** Extracted data entries **
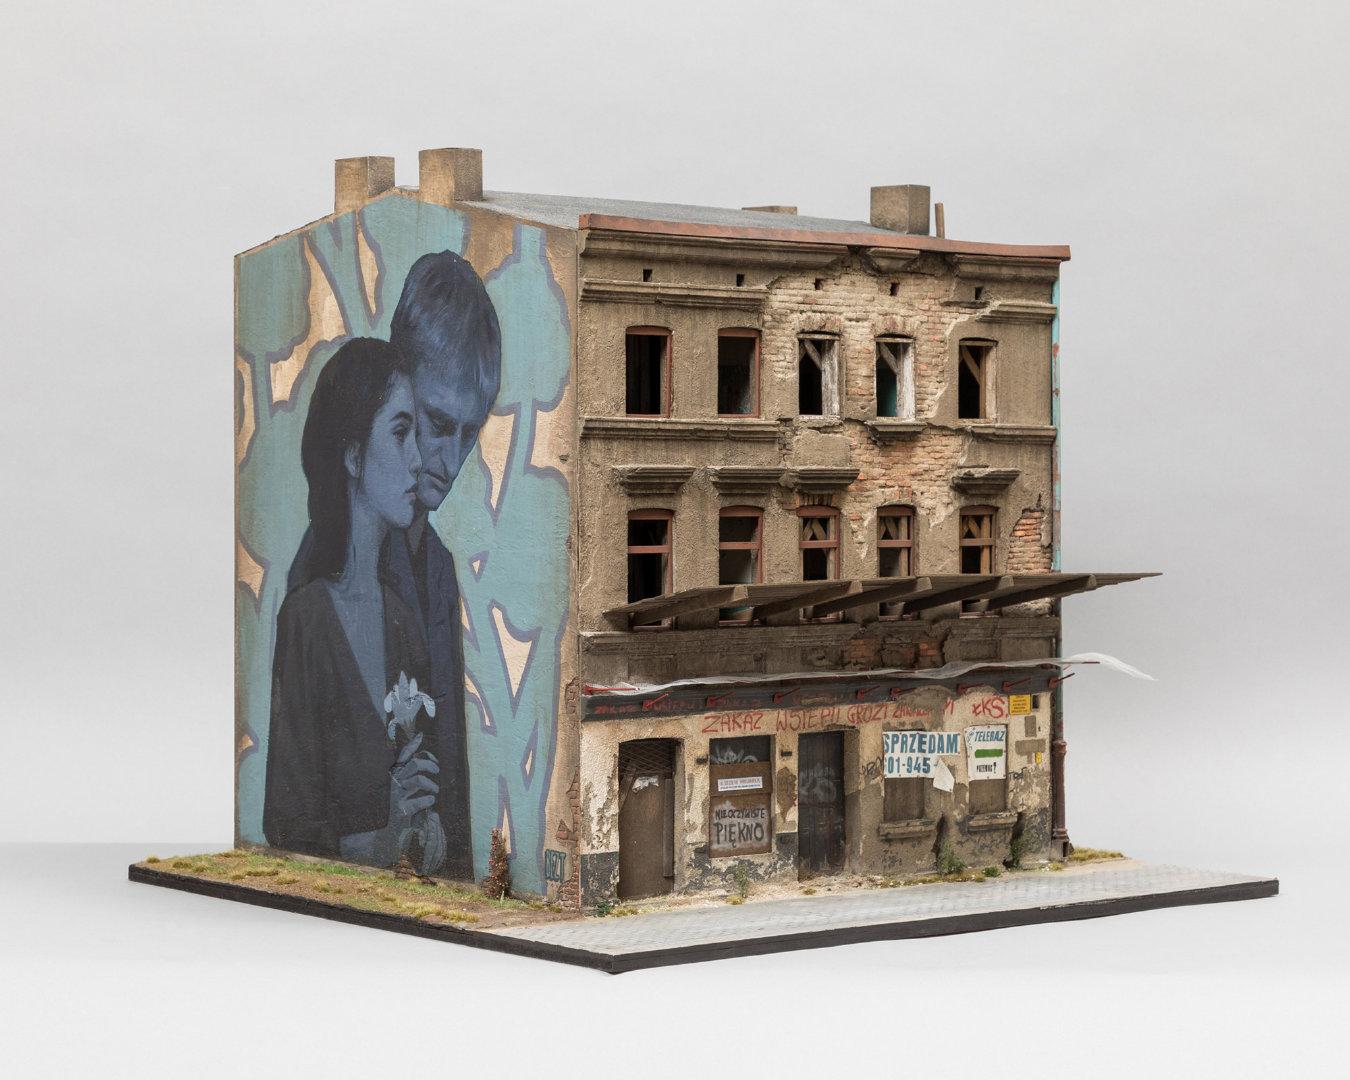 澳大利亚艺术家Joshua Smith乐于创作微缩的衰落城市景观不管是门上的
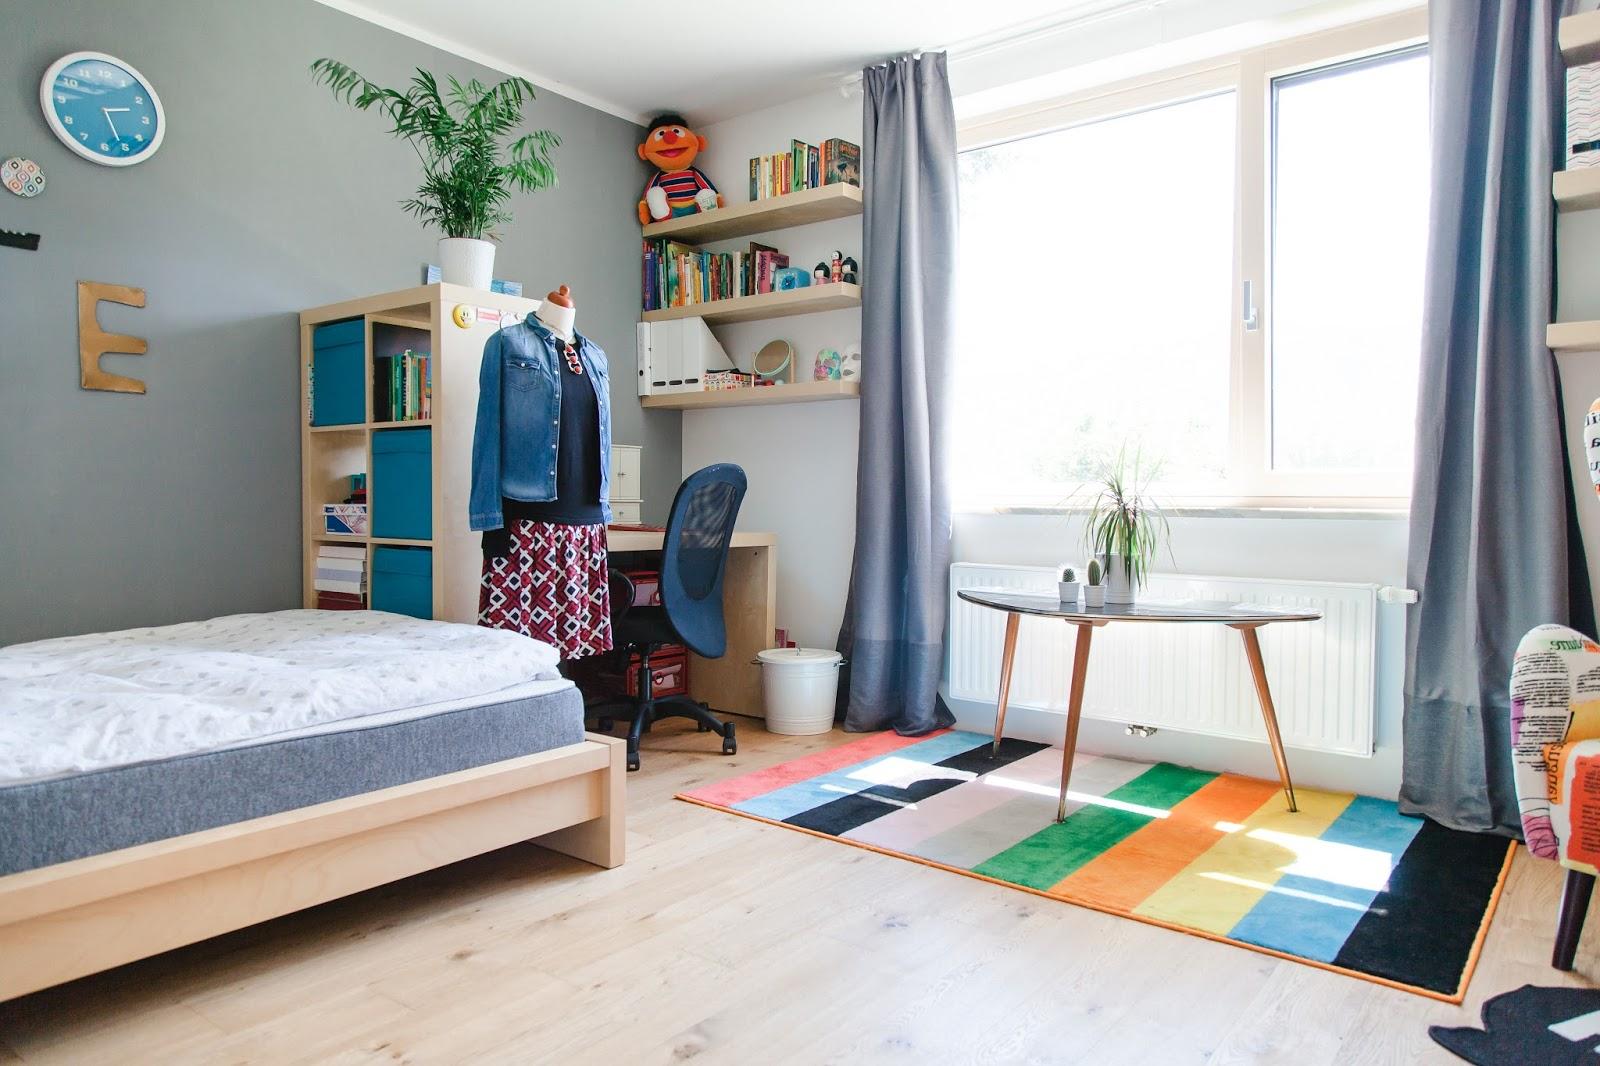 zimmer verdunkeln die gardinen fr sowie auch die jalousien schaffen ein warmes ambiente im. Black Bedroom Furniture Sets. Home Design Ideas
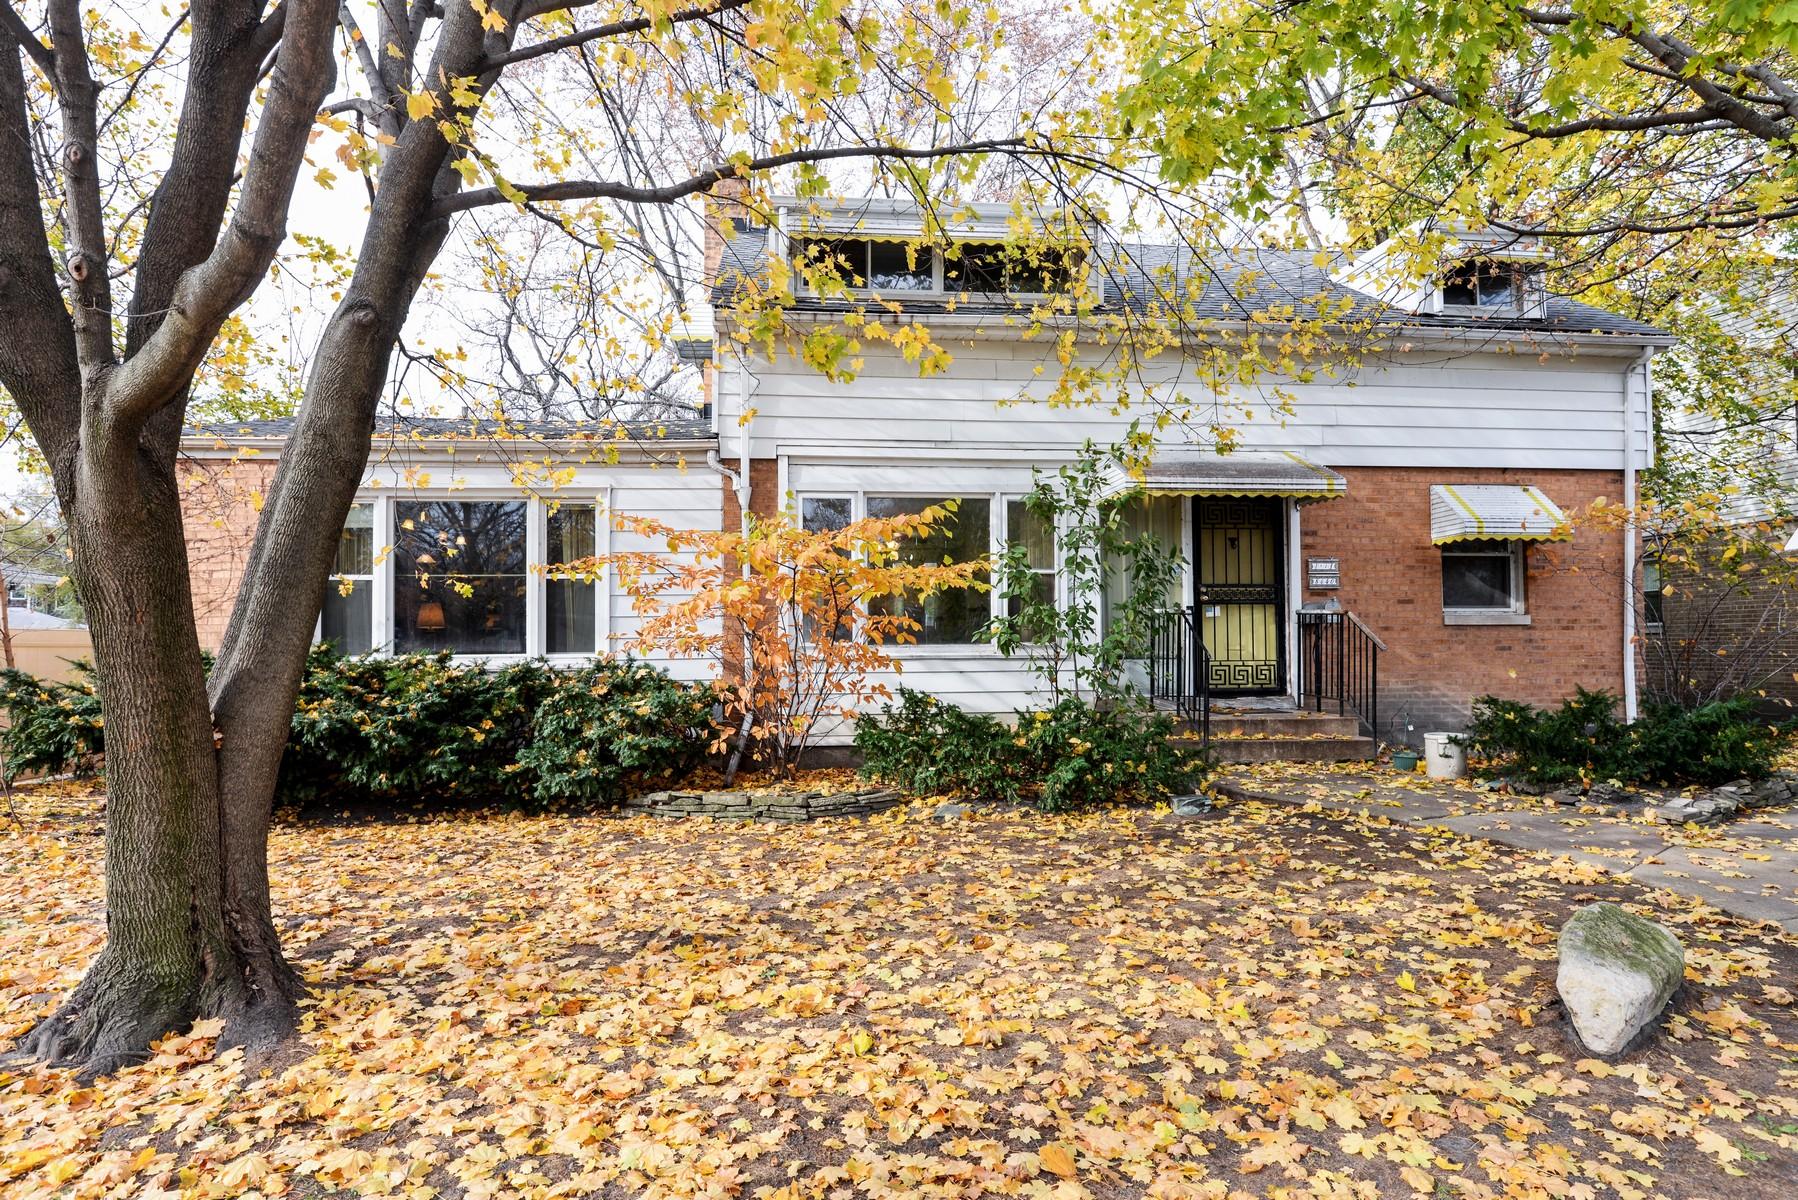 Einfamilienhaus für Verkauf beim Large Skokie Home with Evanston Schools 8640 E Prairie Road Skokie, Illinois, 60076 Vereinigte Staaten
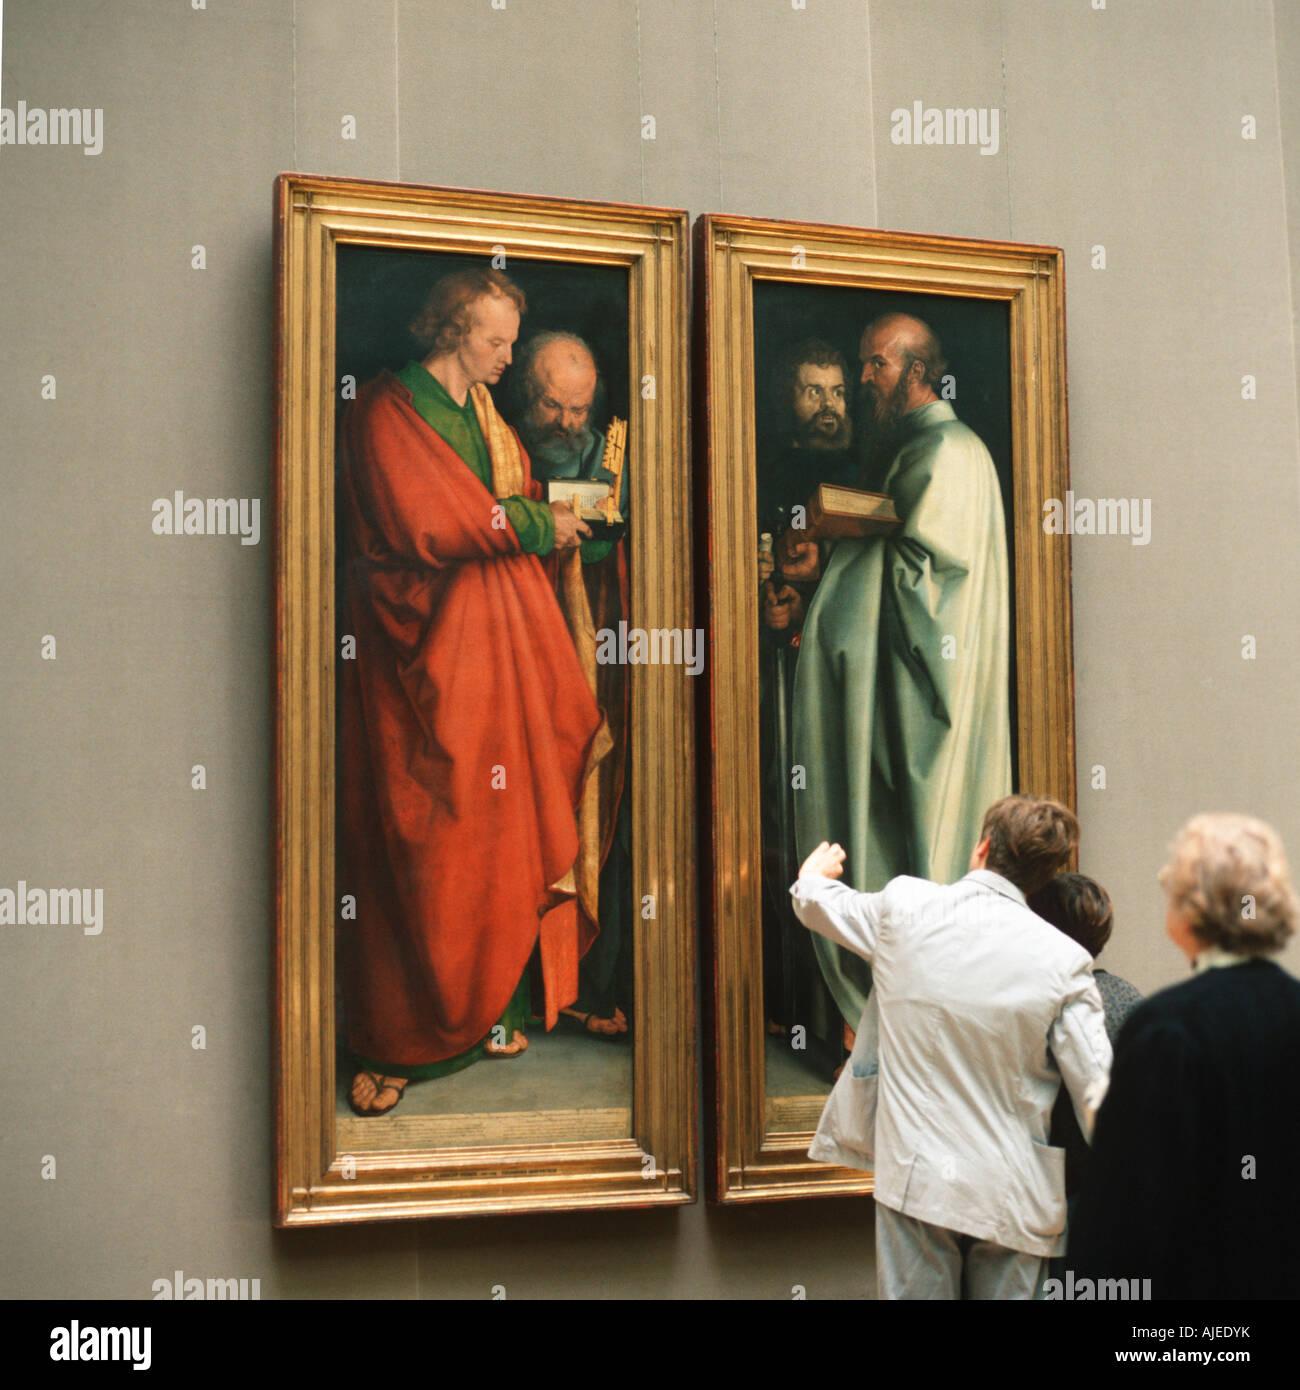 EU DE Deutschland Bayern München Alte Pinakothek vier Apostel von Albrecht Dürer PR Nein Herr Nein Drittrechte Stockbild
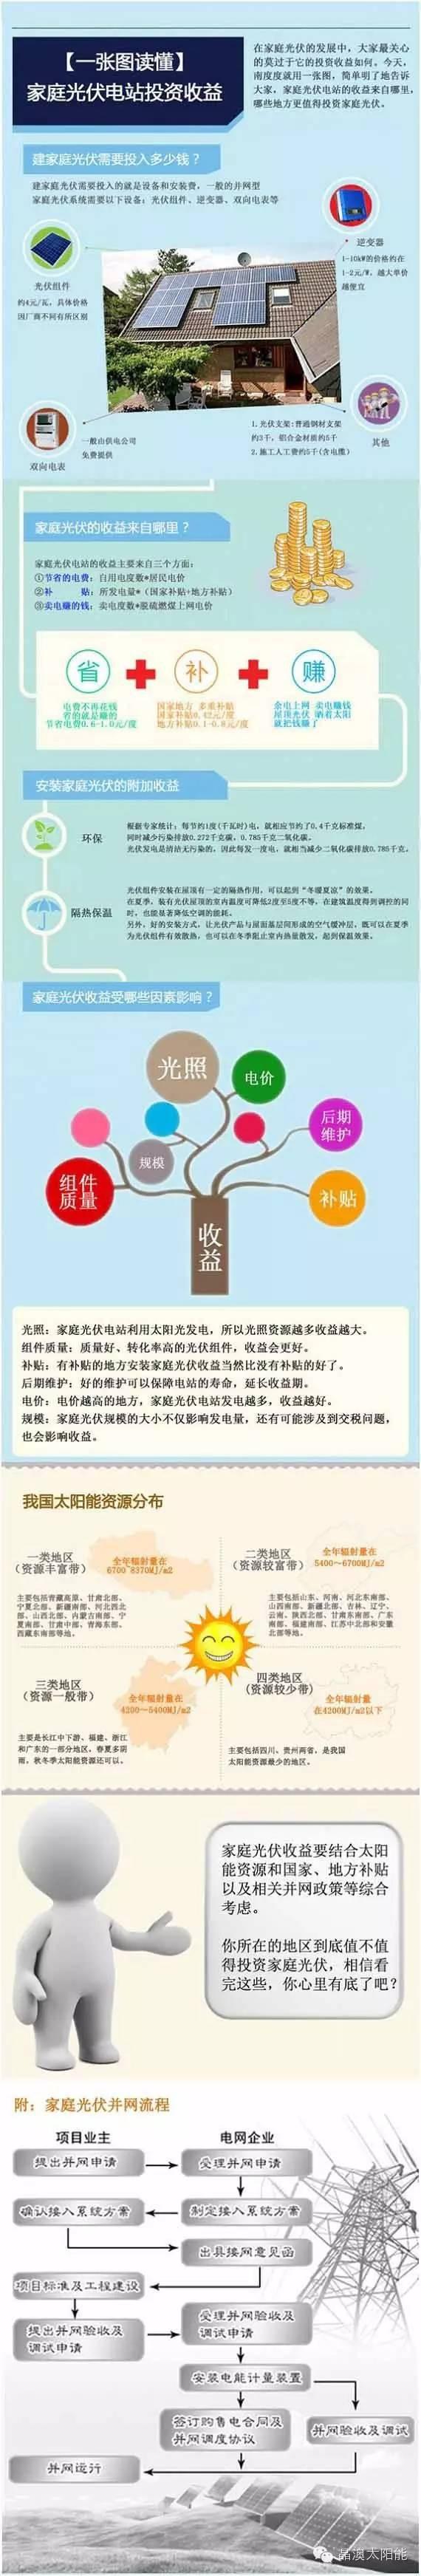 一张图读懂家庭光伏电站投资收益

** AIM OF THE TASK **
Set down the records above exactly, leaving out pictures.

** WRITTEN SOLUTION **
 澳大利亚艺术家Joshua Smith乐于创作微缩的衰落城市景观不管是门上的
 zimmer verdunkeln die gardinen fr sowie auch die jalousien schaffen ein warmes ambiente im. Black Bedroom Furniture Sets. Home Design Ideas
 Einfamilienhaus für Verkauf beim Large Skokie Home with Evanston Schools 8640 E Prairie Road Skokie, Illinois, 60076 Vereinigte Staaten
 EU DE Deutschland Bayern München Alte Pinakothek vier Apostel von Albrecht Dürer PR Nein Herr Nein Drittrechte Stockbild
 一张图读懂家庭光伏电站投资收益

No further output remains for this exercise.